Buick North: The Last Holdouts

One of the many memorable vehicles produced at Buick City. (Photo courtesy of papajim).

Last month, readers reviewed what's left of Flint's auto factories. Today's New York Times has a portrait of the "Last Holdouts" at Buick North.

Bill Vlasic and Nick Bunkley report:

All that is left is Flint North, which built more than 20 million of G.M.’s 3800-model V-6 engines until production ceased last August. Some workers are removing equipment and preparing to start building four-cylinder engines for the Chevrolet Volt and Cruze at a newer plant across town next year, while others still build torque converters, gears, pistons, shafts and other powertrain components.

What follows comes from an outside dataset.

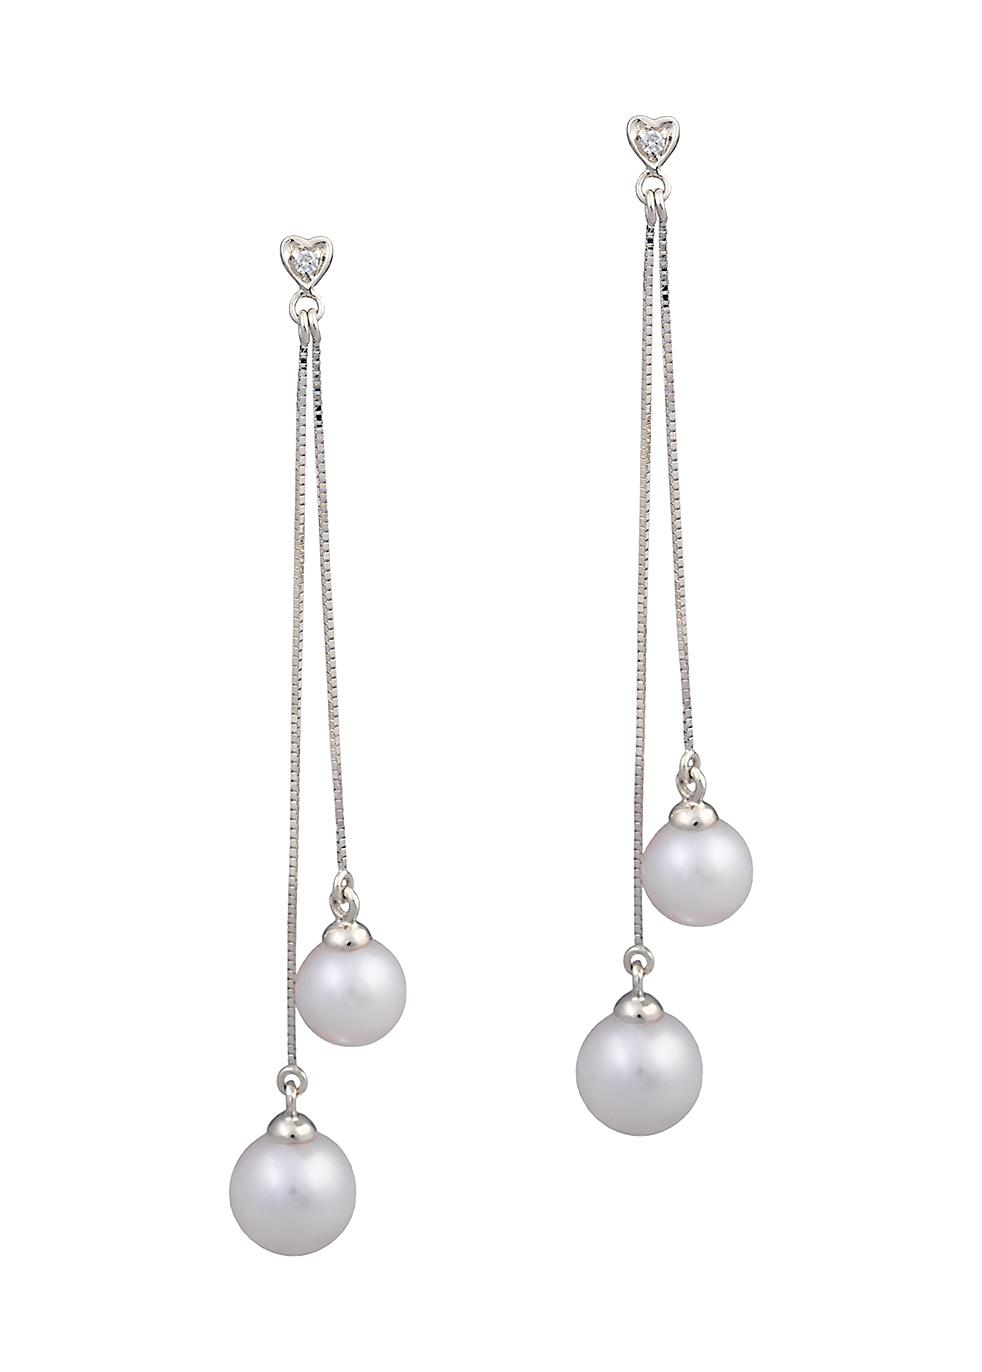 KOJIS White Pearl Tassle Earrings

The plant is surrounded by crumbling and empty buildings, and dead-end streets that once led into Buick City. It is a neighborhood of boarded-up stores and near-desolate streets, with the exception of the overflowing parking lots on Sundays at the Baptist churches along Industrial Avenue across from the plant.

The last 450 workers feel fortunate to have another factory to go to, having seen too many friends and relatives laid off over the years.

“General Motors has taken good care of me,” said Mike Stoica, 60, who started at G.M. fresh out of high school in 1967. “I’ve had a good life for not having a college education and doing something I love to do.”

That way of life is vanishing at G.M. plants across the United States, but no city has been affected like Flint. When Buick City was at its peak production in the mid-1980s, G.M. had 80,000 workers spread across the city. Now it is down to about 5,000, a number that could fall more in a bankruptcy.

“People talk about closing a plant,” said Bill Jordan, president of U.A.W. Local 599 and a 32-year G.M employee. “We closed a city here. Everything that any city had, we had here.”


  1. The "tank" is an M18 tank destroyer from near the end of WWII.

    M18s were light and thinly armored, designed to be the fastest tank destroyers of WWII. They weren't intended to "duke it out" with enemy tanks; instead they fired from ambush, at the thinner side armor of enemy tanks whenever possible, then used their speed and agility to get away before other enemy units could return fire.

    They weren't a perfect design, but their crews liked them.

  2. I've been in El Salvador for a couple of months for work. The only news paper available (in paper form), is the N.Y. Times.

    You can still get teased for being from Flint in Central America!